The build story for production would be basically the same as the existing rollup module. There would just need to be an AST rewrite for static/dynamic imports at certain paths instead of searching for tagged template functions.

And a sensible default could be any import for files that are not in shared or child directories of the client side entry point will use hashed modules.

So

// entry point to client code

// not a hashed module
import component from './component/example.js'

// also not a hashed module
import styles from './styles.js'

// by default, a hashed module
import server from '../server/example.js'

// server is a proxy object, when we invoke a function
// the call is translated to a POST request like so:
// POST { query: md5({ "file": /server/example.js', "path": 'nested.someFunction' }), values: [1,2] }
await server.nested.someFunction(1,2)

No eval is required, the server just resolves the request via a dynamic import, the path will have been resolved to the project root. And pass the values into the executed function. That would be the default server side handler. But you could also run that server side module in a lambda, a cloudflare worker, or on some other server.

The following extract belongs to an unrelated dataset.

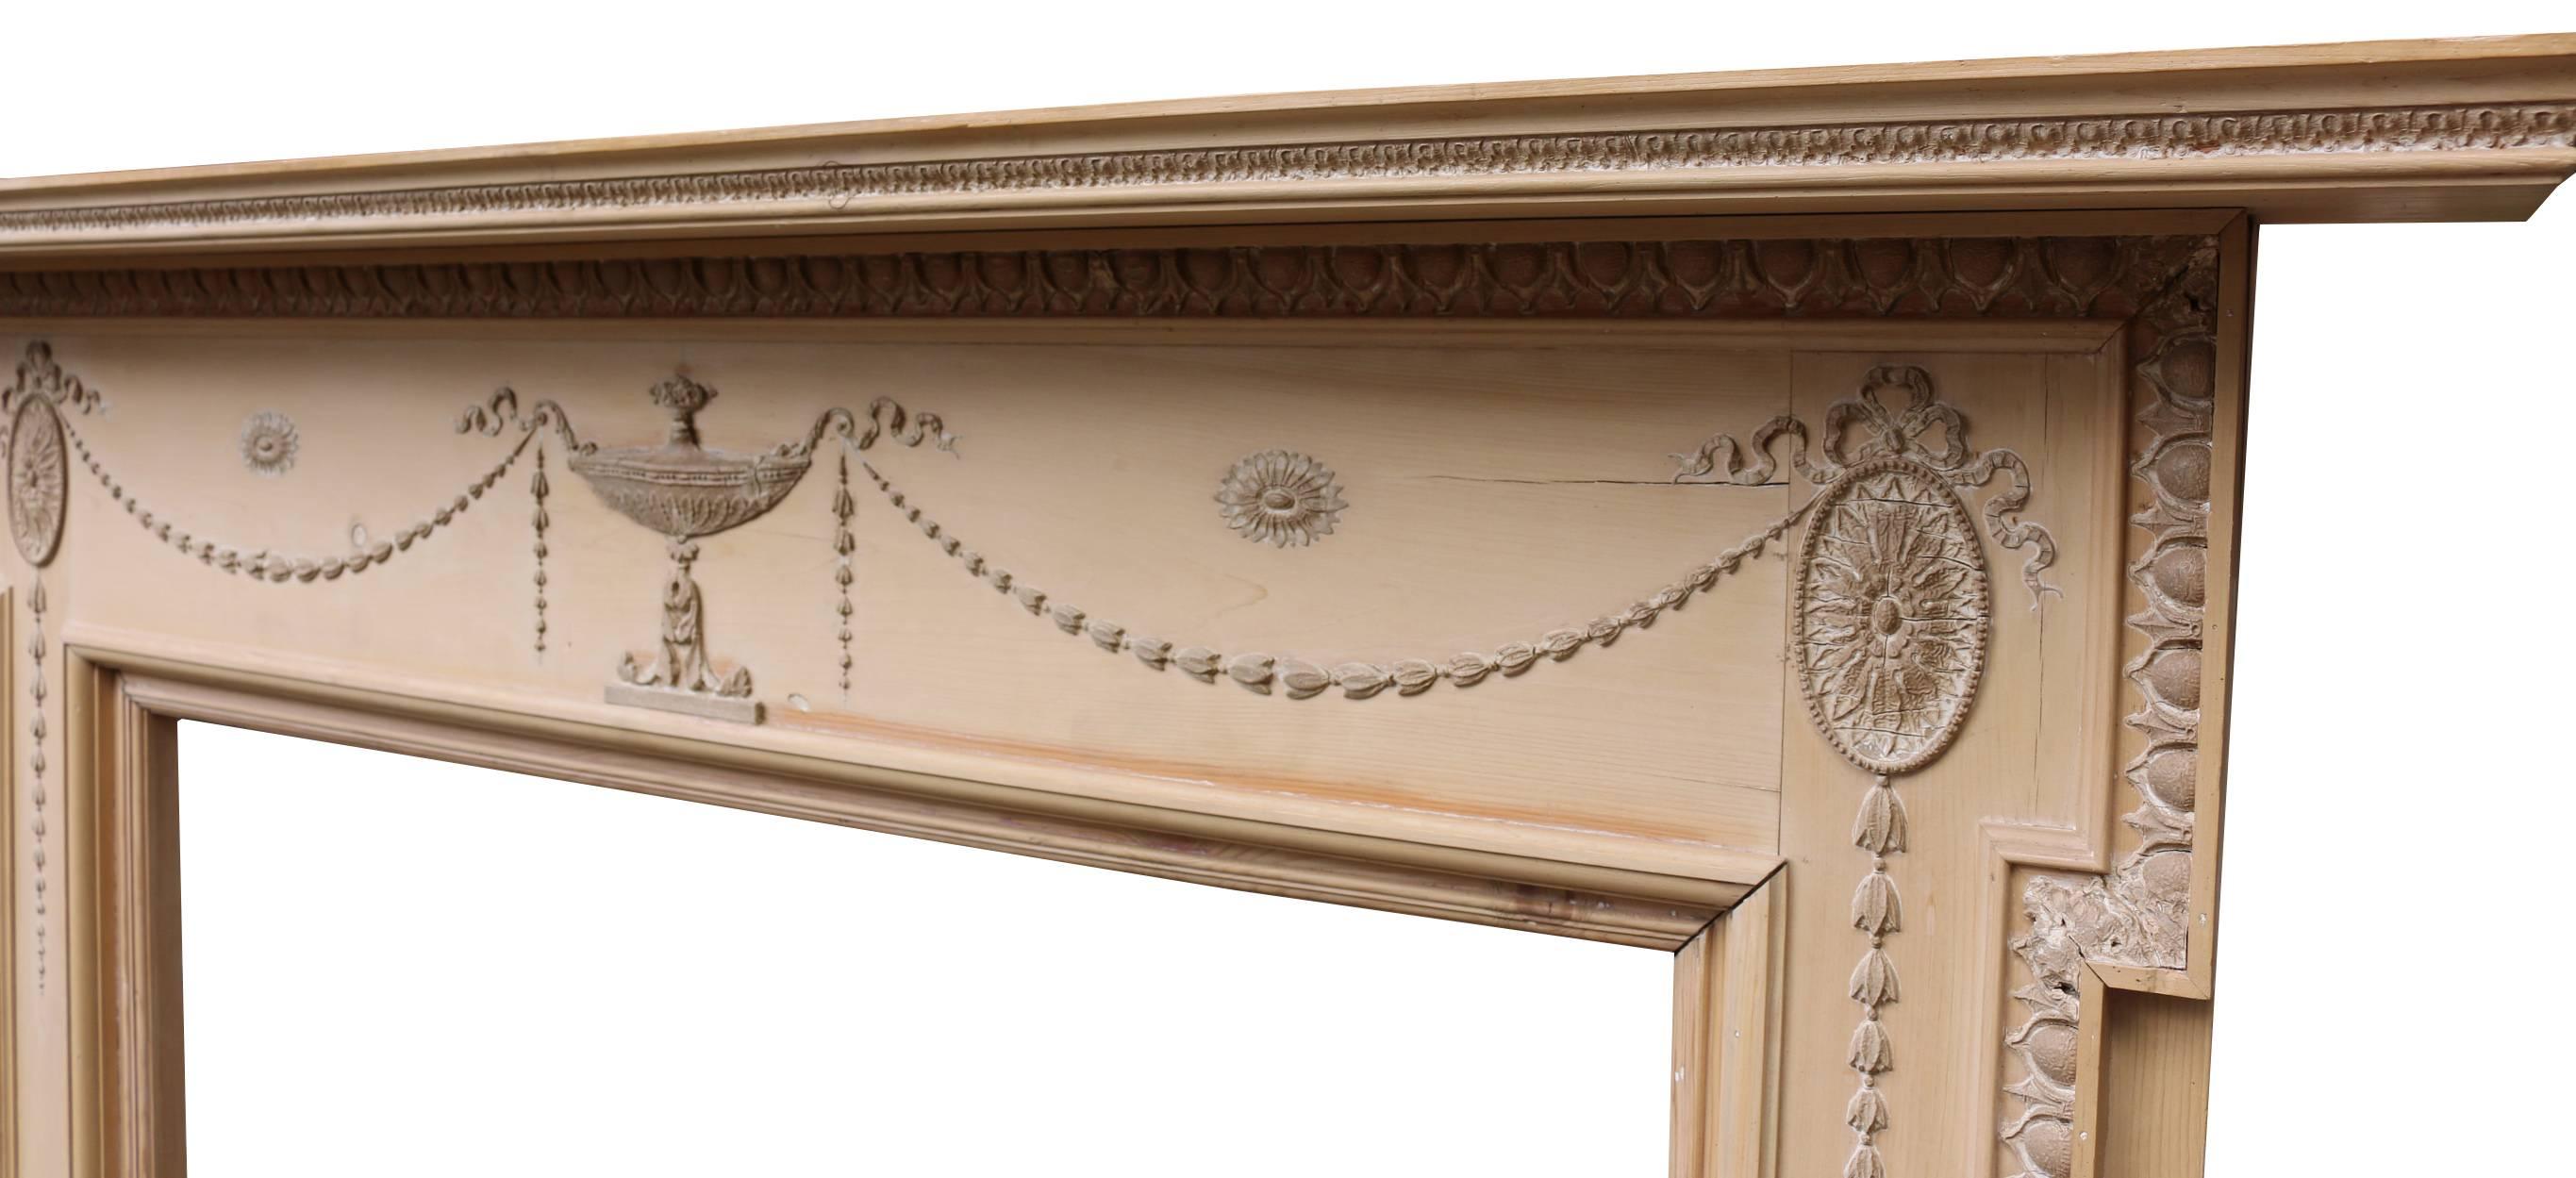 Carved Edwardian Pine and Composition Fire Surround with Mirrored over Mantel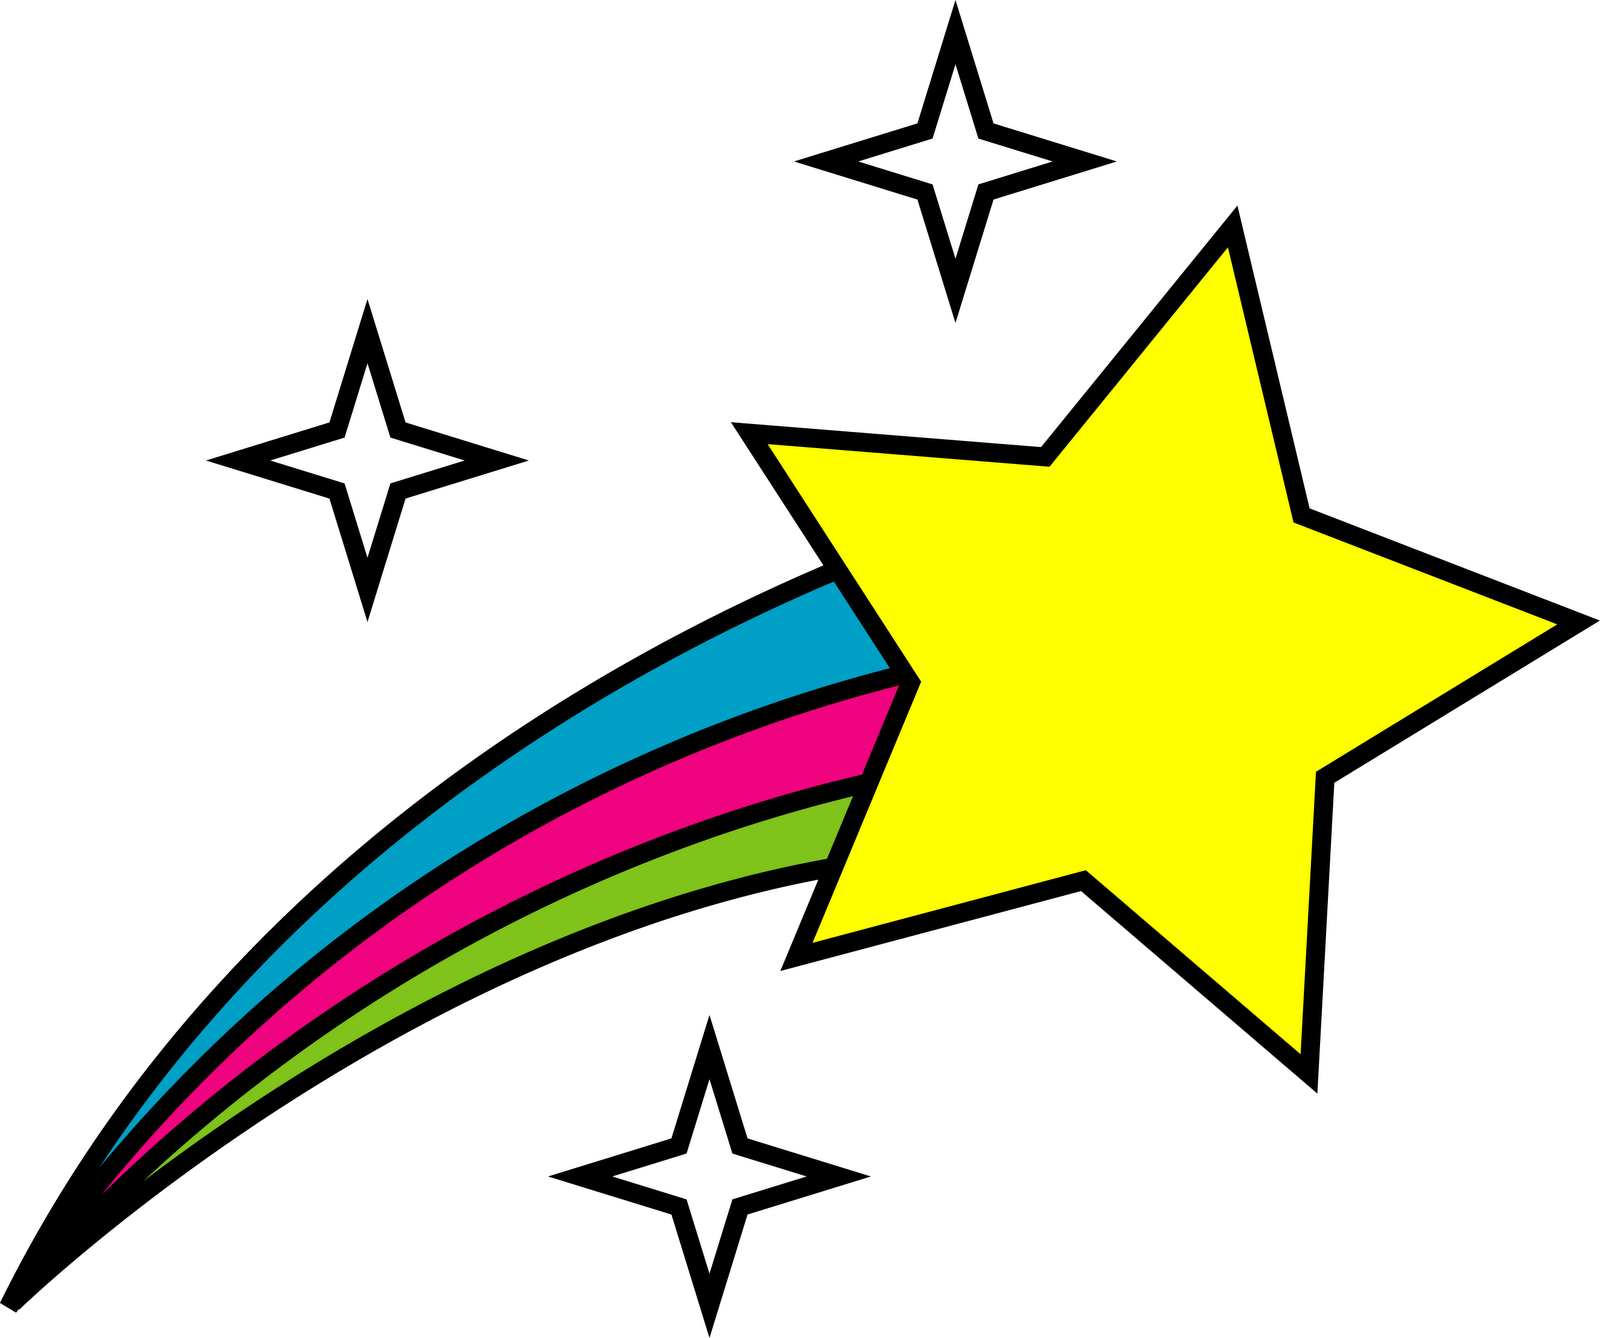 Shooting Stars Drawing - Clipart library

porsager commented 3 years ago

This is great James!

I'm not even sure we'd need proxies? We can just convert "server calls" in the client output to calls like we do currently.

So eg.

import server from '../server/example.js'
await server.nested.someFunction(1,2)

would just be compiled into

import hql from 'hql' // which can be bundled further
await hql(hash, ...args)

The relevant info for lookup (file path and object path) would go into the output hashql uses in the server, and the client lib would expose an option to handle these "global" requests.

JAForbes commented 3 years ago

Ah that's even better!

JAForbes commented 3 years ago

I'm juggling several big things at the moment so I can't tackle it right now but I'm keen to in the next few weeks as long as you're not planning on it @porsager?

JAForbes commented 3 years ago

I'm not even sure we'd need proxies? We can just convert "server calls" in the client output to calls like we do currently.

I'd really like this to work without having to transform the client side source at all for local development. And for that to work, I think there needs to be some kind of "fake module" sent back from a dev server for local development. Not necessarily using proxies, but with the same export interface as the real module.

That way the dev server can respond to normal native imports. And import maps could be conceivably used to configure which paths target the hashed modules' server side handler.

JAForbes commented 3 years ago

Just leaving a note to say I'm still intending to continue this work, just got a bit on my plate at the moment. Should be able to pick it up again in a few weeks.